Previous neuroimaging studies identified multimodal brain areas in the visual cortex that are specialized for processing specific information, such as visual-haptic object recognition. Here, we test whether visual brain areas are involved in depth perception when auditory substitution of vision is used. Nine sighted volunteers were trained blindfolded to use a prosthesis substituting vision with audition both to recognize two-dimensional figures and to estimate distance of an object in a real three-dimensional environment. Using positron emission tomography, regional cerebral blood flow was assessed while the prosthesis was used to explore virtual 3D images; subjects focused either on 2D features (target search) or on depth (target distance comparison). Activation foci were found in visual association areas during both the target search task, which recruited the occipito-parietal cortex, and the depth perception task, which recruited occipito-parietal and occipito-temporal areas. This indicates that some brain areas of the visual cortex are relatively multimodal and may be recruited for depth processing via a sense other than vision.

The Ponzo Illusion with Auditory Substitution of Vision in Sighted and Early-Blind Subjects

We tested the effects of using a prosthesis for substitution of vision with audition (PSVA) on sensitivity to the Ponzo illusion.
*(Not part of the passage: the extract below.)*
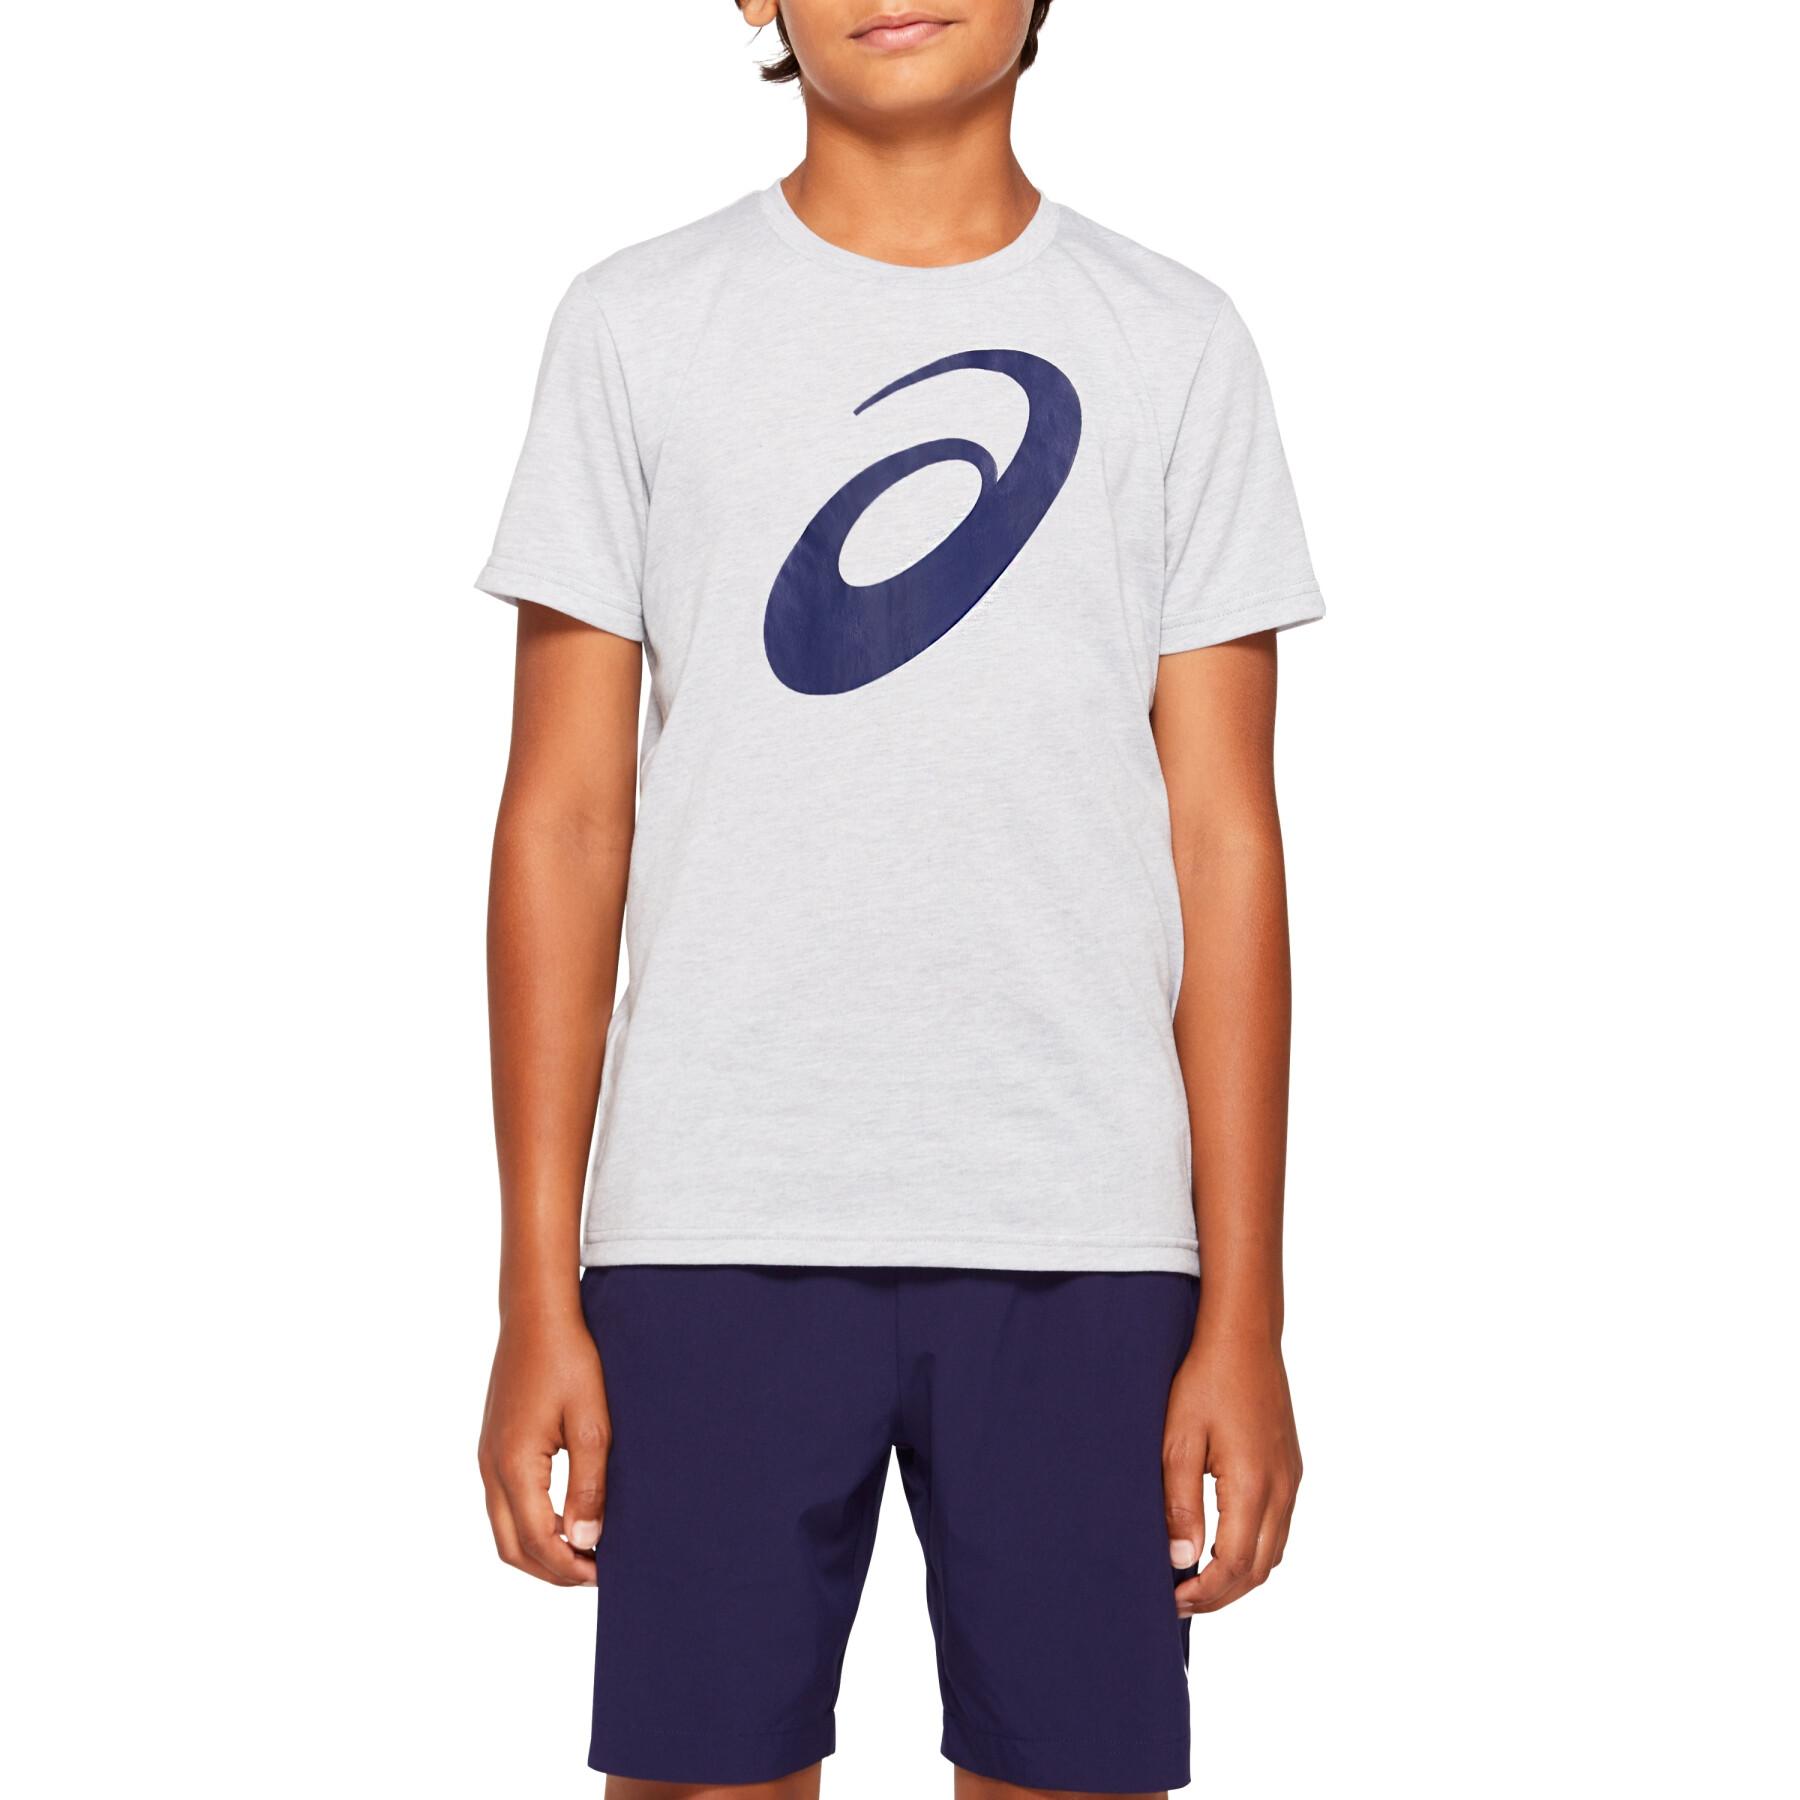 Koszulka dziecięca Asics Big Spiral

The effects of visual experience on the susceptibility to this illusion were also assessed. In one experiment, both early-blind and blindfolded sighted volunteers used the PSVA to explore several variants of the Ponzo illusion as well as control stimuli. No effects of the illusion were observed. The results indicate that subjects focused their attention on the two central horizontal bars of the stimuli, without processing the contextual cues that convey perspective in the Ponzo figure. In a second experiment, we required subjects to use the PSVA to consider the two converging oblique lines of the stimuli before comparing the length of the two horizontal bars. Here we were able to observe susceptibility to the Ponzo illusion in the sighted group, but to a lesser extent than in a sighted non-PSVA control group. No clear effect of the ilusion was obtained in early-blind subjects. These results suggest that, at least in sighted subjects, perception obtained with the PSVA shares perceptual processes with vision. Visual experience appears mandatory for a Ponzo illusion to occur with the PSVA.